## EXERCISE DATA
——————

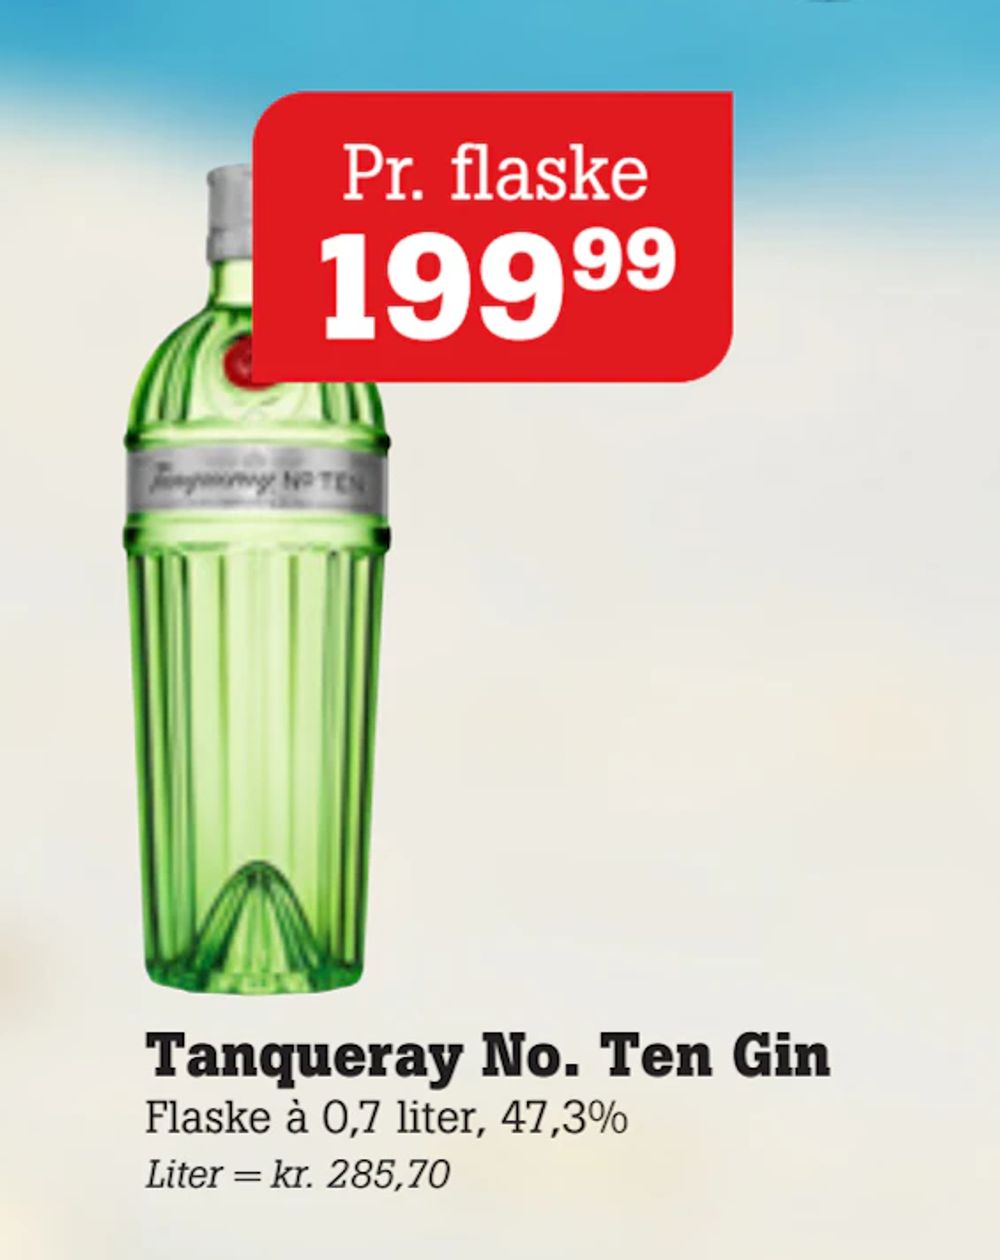 Tilbud på Tanqueray No. Ten Gin fra Poetzsch Padborg til 199,99 kr.
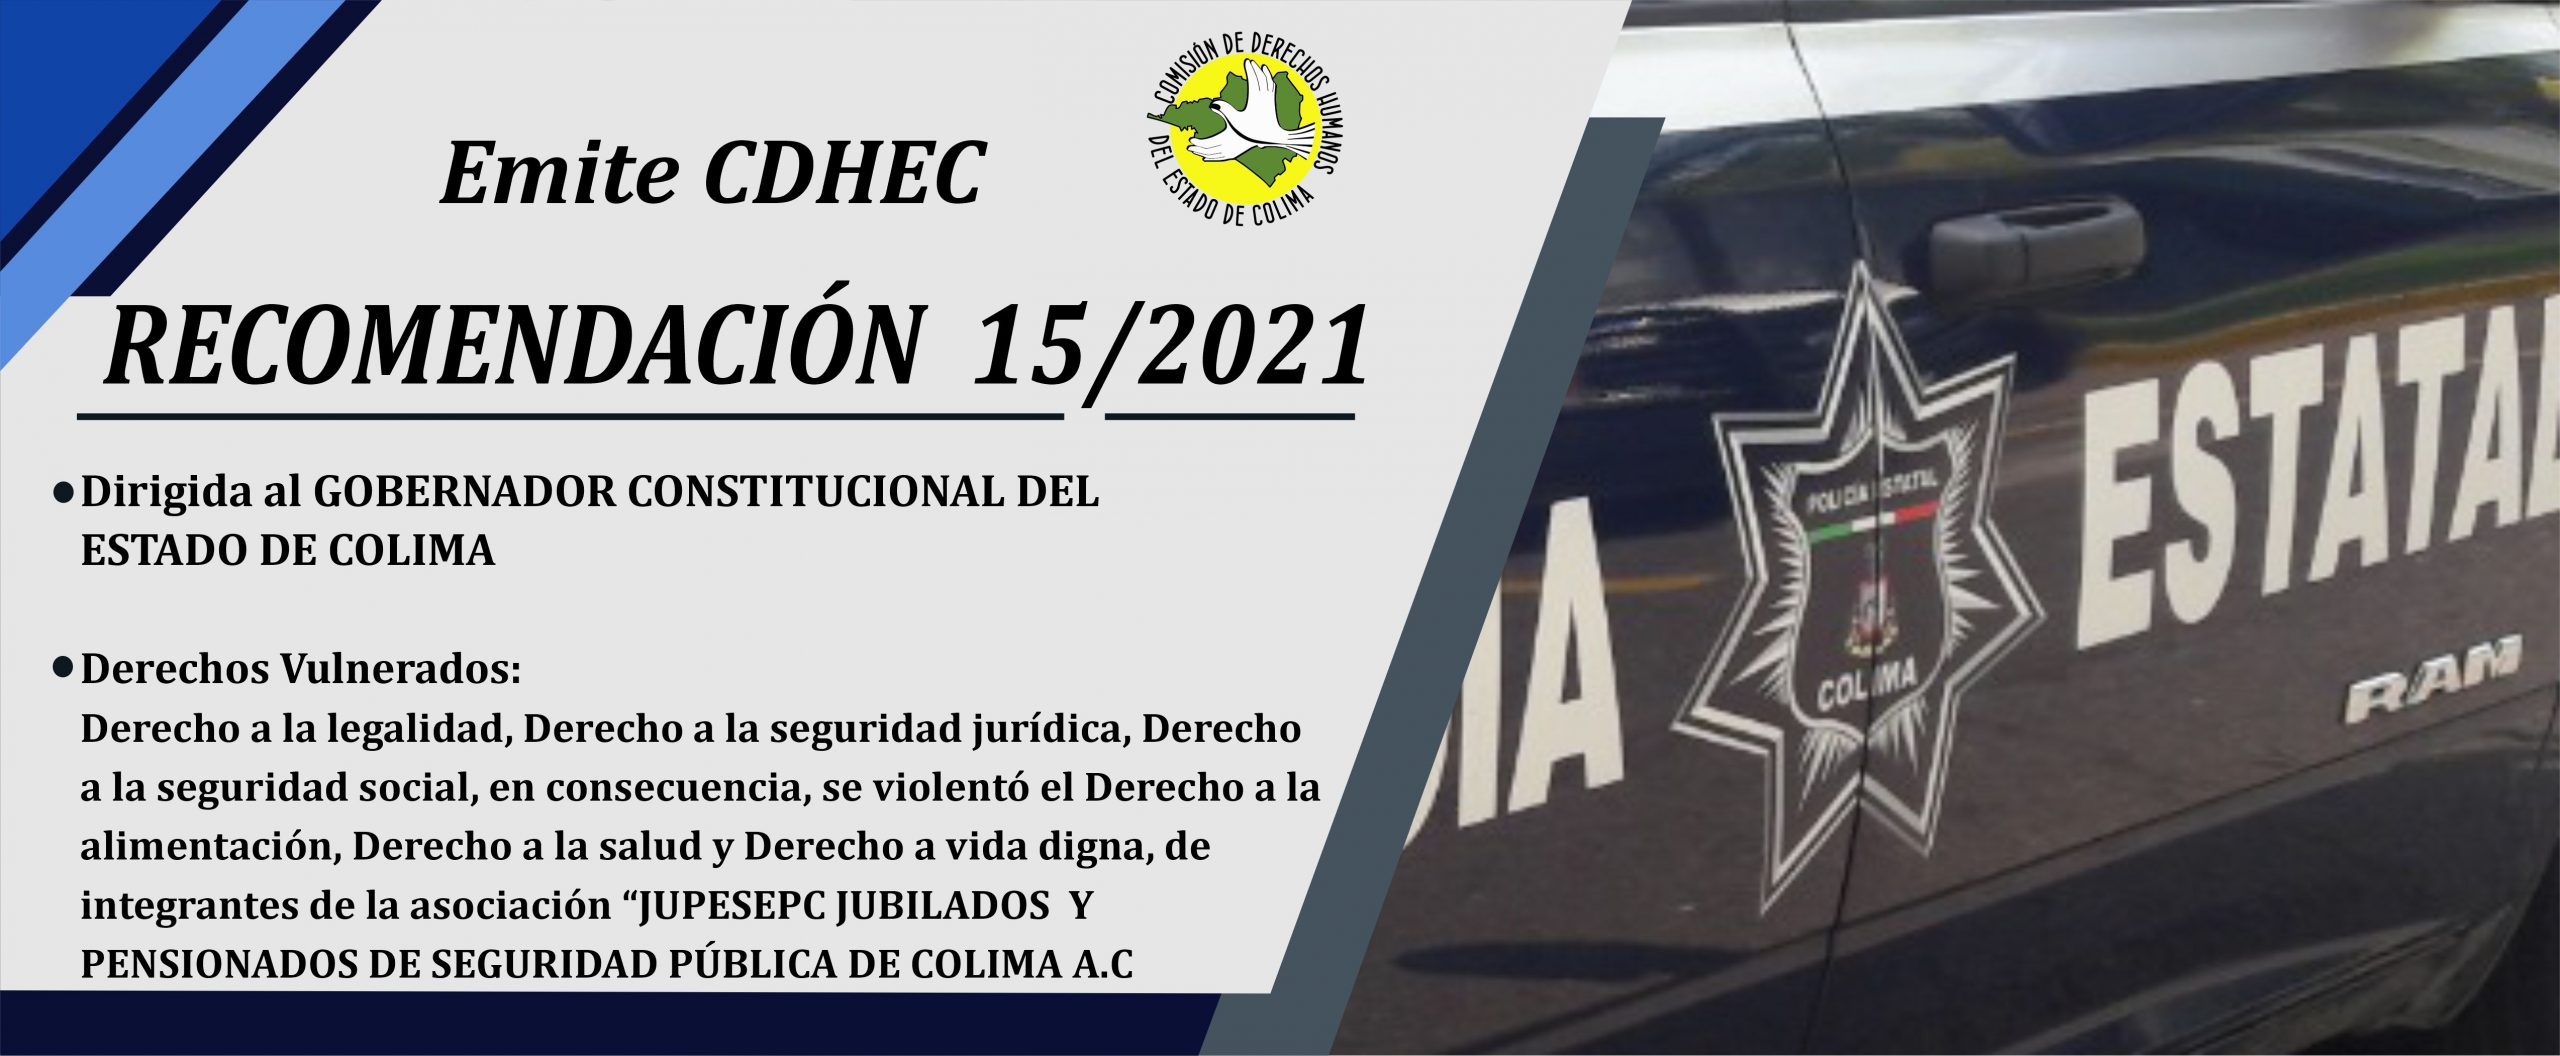 Emite CDHEC Recomendación 15/2021
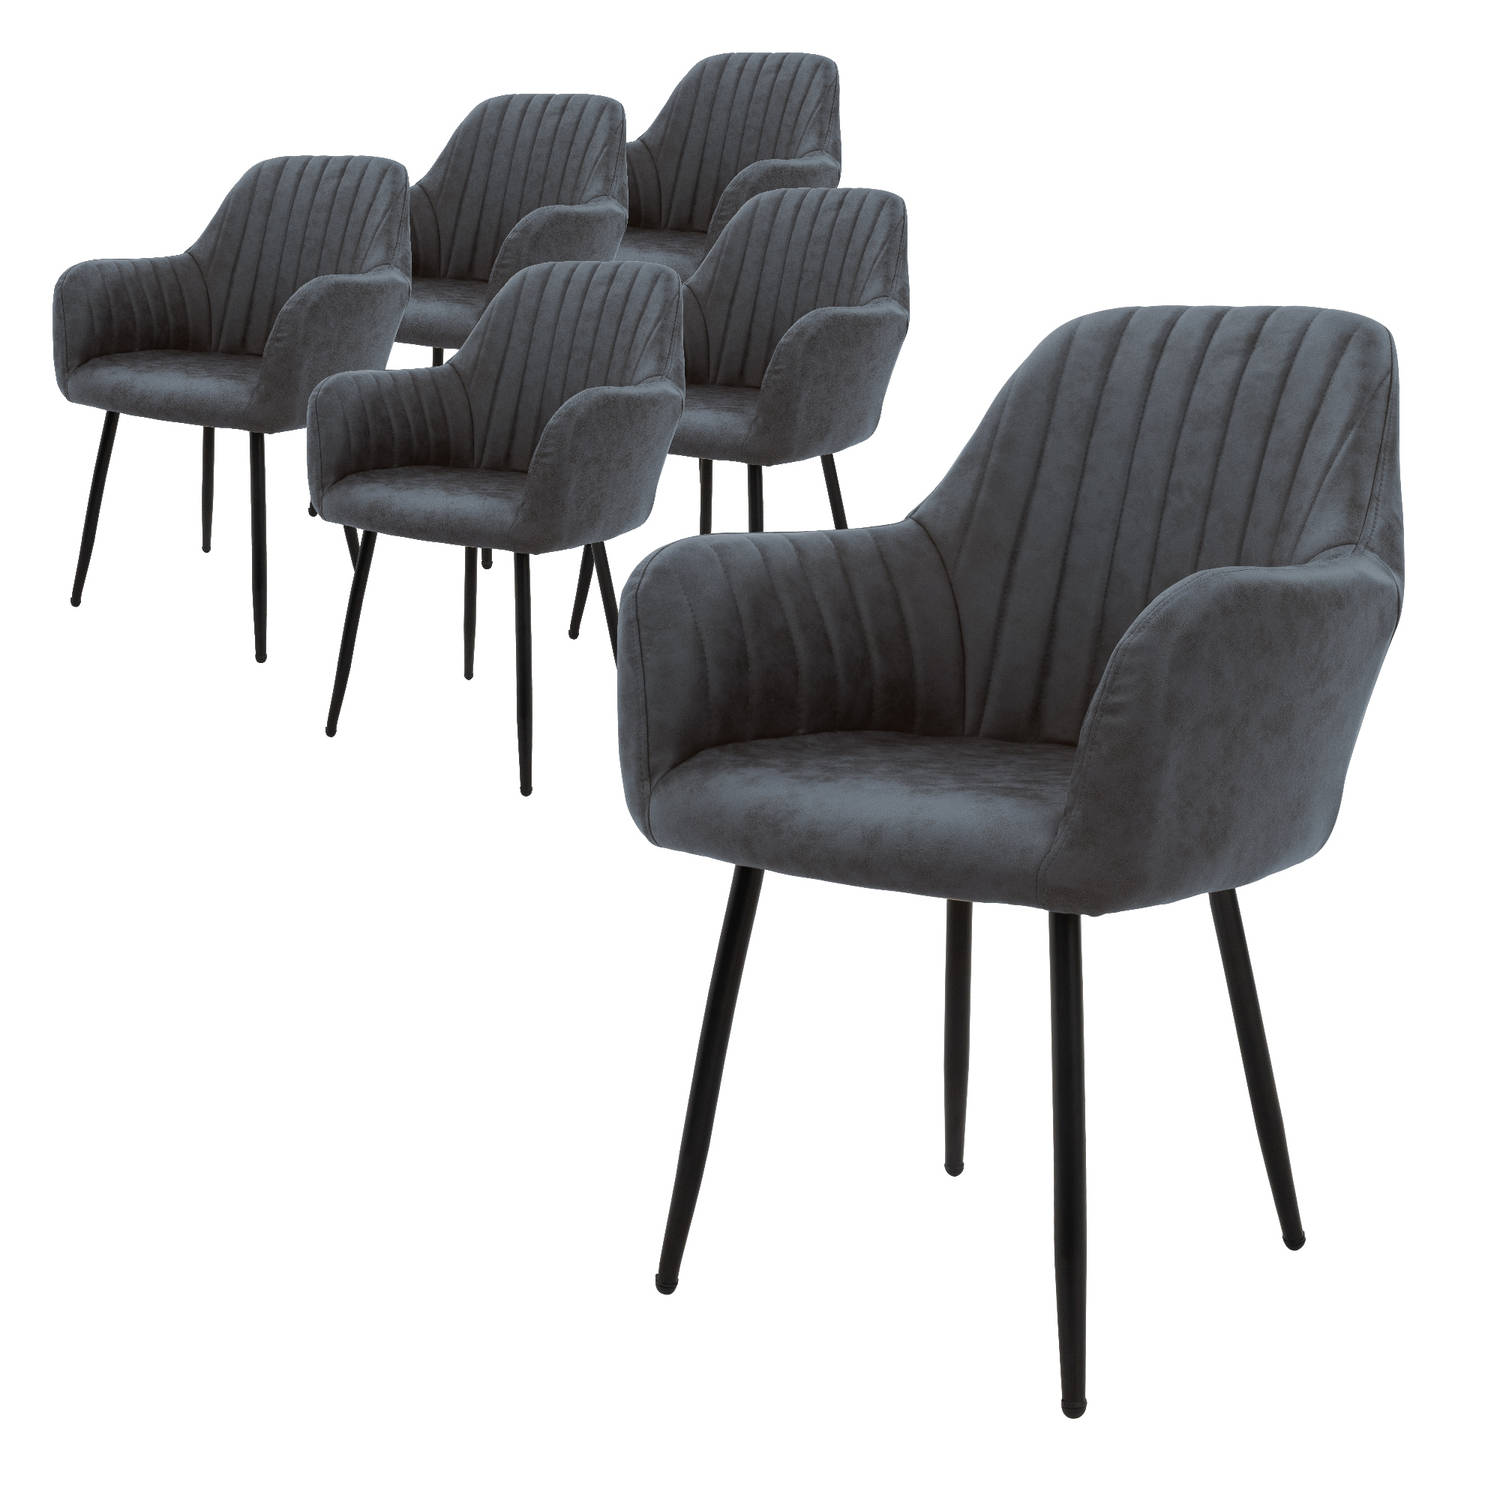 ML-Design set van 6 eetkamerstoelen met rugleuning en armleuningen, antraciet, keukenstoelen met PU kunstlederen bekleding, gestoffeerde stoelen met metalen poten, ergonomische woo

——————

Please transcribe the listing above verbatim and exclude every picture.

 Tilbud på Tanqueray No. Ten Gin fra Poetzsch Padborg til 199,99 kr.
 Emite CDHEC Recomendación 15/2021
 ML-Design set van 6 eetkamerstoelen met rugleuning en armleuningen, antraciet, keukenstoelen met PU kunstlederen bekleding, gestoffeerde stoelen met metalen poten, ergonomische woo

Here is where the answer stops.